鴨志田 パスワードマネージャーも二要素認証も面倒臭くてやってなかったんですが、やっぱりやらないとダメですね。
師範 そして4番目に大事なのは利用明細を定期的に確認すること。カード決済時やスマホ決済時のプッシュ通知・メール通知を確認するほか、利用明細を最低でも月に1回は確認する習慣をつけよ。最近はスマホのアプリから手軽に確認できるカード会社も多い。先ほども言ったが、特に「少額取引」はこまめにチェック。多くのカード会社はカードが不正利用された場合の補償期間を60日と設定していて、それを過ぎると補償を受けられんぞ。
鴨志田 これまた面倒臭がってやってなかった~! それにしてもいろいろやること多くて大変ですね。
師範 いやいや、パスワードマネージャーは一度設定すればあとは手間なし。二要素認証も指紋認証や顔認証なら超簡単。利用明細チェックだけは確かに少々面倒かもしれんが、不正利用でお金が戻ってこないときの損失、精神的ショックを考えたら安いもんじゃ。
「3Dセキュア2.0」の導入でセキュリティ強度は圧倒的に高まる!
鴨志田 お話を聞いていると、フィッシング詐欺の手口って年々巧妙化してますよね。カード会社や通販サイトは何か対抗策は打ってないんですか?
師範 もちろんそれはやっとる。例えば「3Dセキュア2.0」の導入。オンラインショッピングなど非対面決済の際の従来型本人認証システムである「3Dセキュア1.0」は、カード番号や有効期限などのカード情報と固定のパスワード入力で安全性を確保していたが、「3Dセキュア2.0」は生体認証やワンタイムパスワード、QRコードなどを認証に利用することで、セキュリティ強度が格段に上がった。また、「3Dセキュア2.0」では「リスクベース認証」というユーザーのアクセス状況の分析から推定したリスクに基づく認証技術により、取引リスクに応じて認証方法を最適化。リスクの低い取引ではワンタイムパスワードの入力が不要になり、利用者の利便性もアップしている。
鴨志田 この取引は絶対本人だからワンタイムパスワードは必要ないってAIが判断するんですね!
師範 この「3Dセキュア2.0」は「2025年3月末までにすべてのEC加盟店で導入が義務化される」とアナウンスされていたから、現在はどの通販サイトもこの方式に切り替わっとるはずじゃ。
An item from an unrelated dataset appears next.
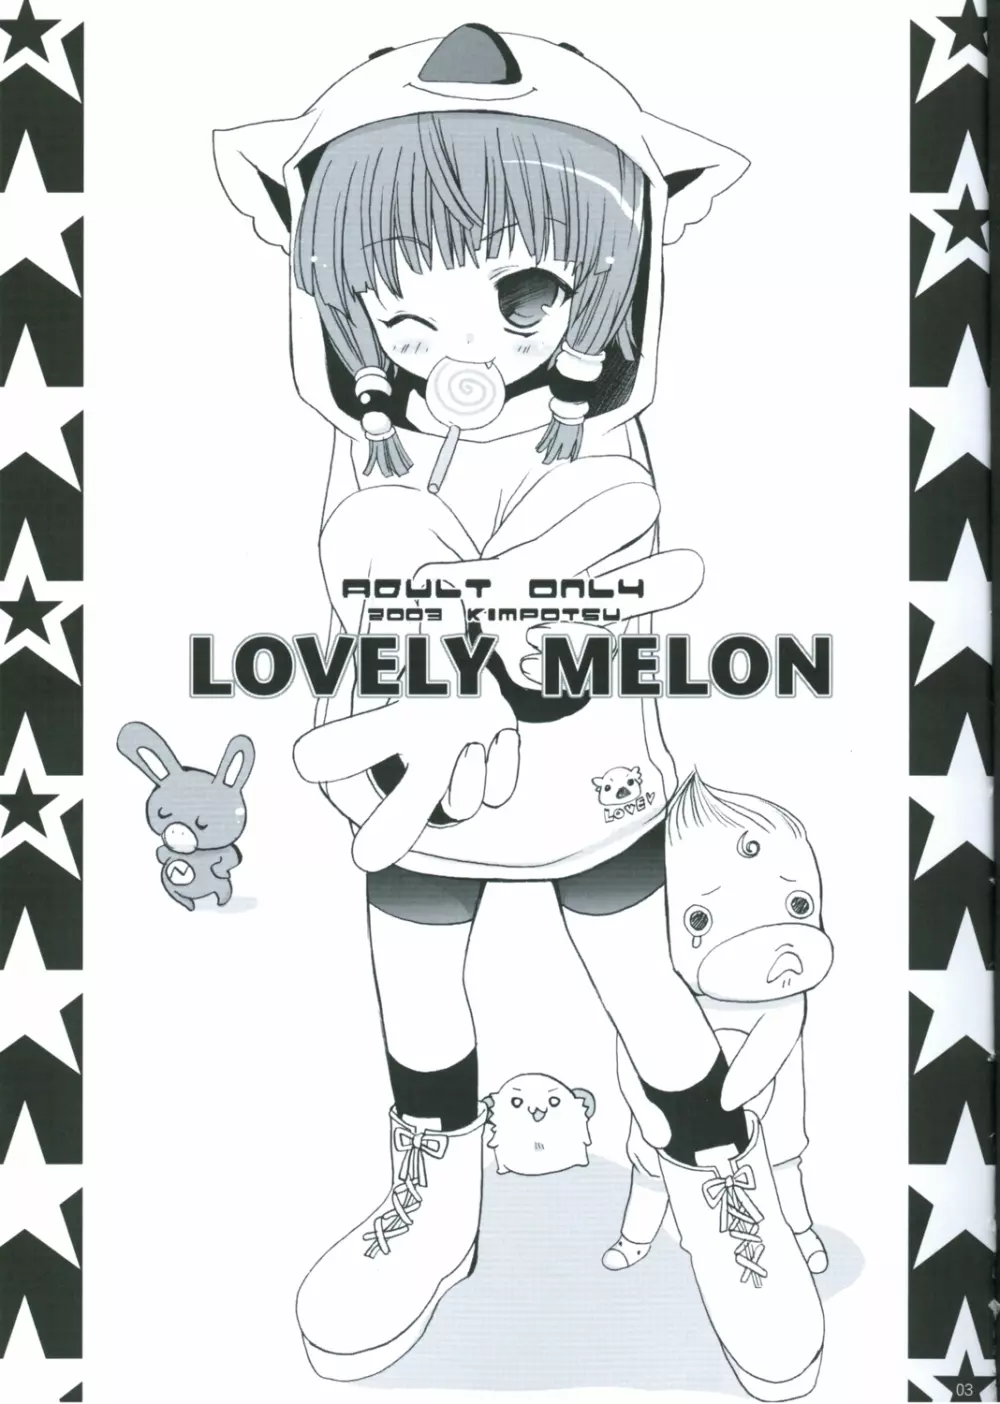 LOVELY MELON - page2

ほかには、クレジットカードのサインによる決済がこの3月末で廃止されたのがニュースになっとったな。今後は決済時に必ず暗証番号の入力が必要になるが、カードを盗まれたり偽造されても使われる心配が少ないと高評価のようじゃ。
鴨志田 まあ、最近はクレジットカードを使う機会も多いのでほとんどの人が暗証番号を覚えてると思いますけどね。
師範 ちなみにこの4月からは、国内カード会社8社と株式会社アクシオン、日本クレジットカード協会が共同で、フィッシングサイトを閉鎖する取り組みを開始。フィッシング対策や不正検知などのプラットフォーム事業を行うアクシオンのノウハウを活かしてフィッシングサイトを能動的に検知、そのサイトが利用しているブラウザ提供企業やプロバイダーにそこが詐欺サイトだと申告し、サイトの閉鎖を依頼する。さらに、フィッシングが多く報告される企業や業界団体に詐欺サイト閉鎖に必要なノウハウを提供するなどの活動も行なっていくようじゃ。
対策の網の目をかい潜る不正利用は今後も登場する。それだけに最初のカード情報流出防止が重要!
鴨志田 それだけいろいろ対策されていると、今後はフィッシング詐欺も減っていくと期待したいですが……そう簡単ではないんでしょうね。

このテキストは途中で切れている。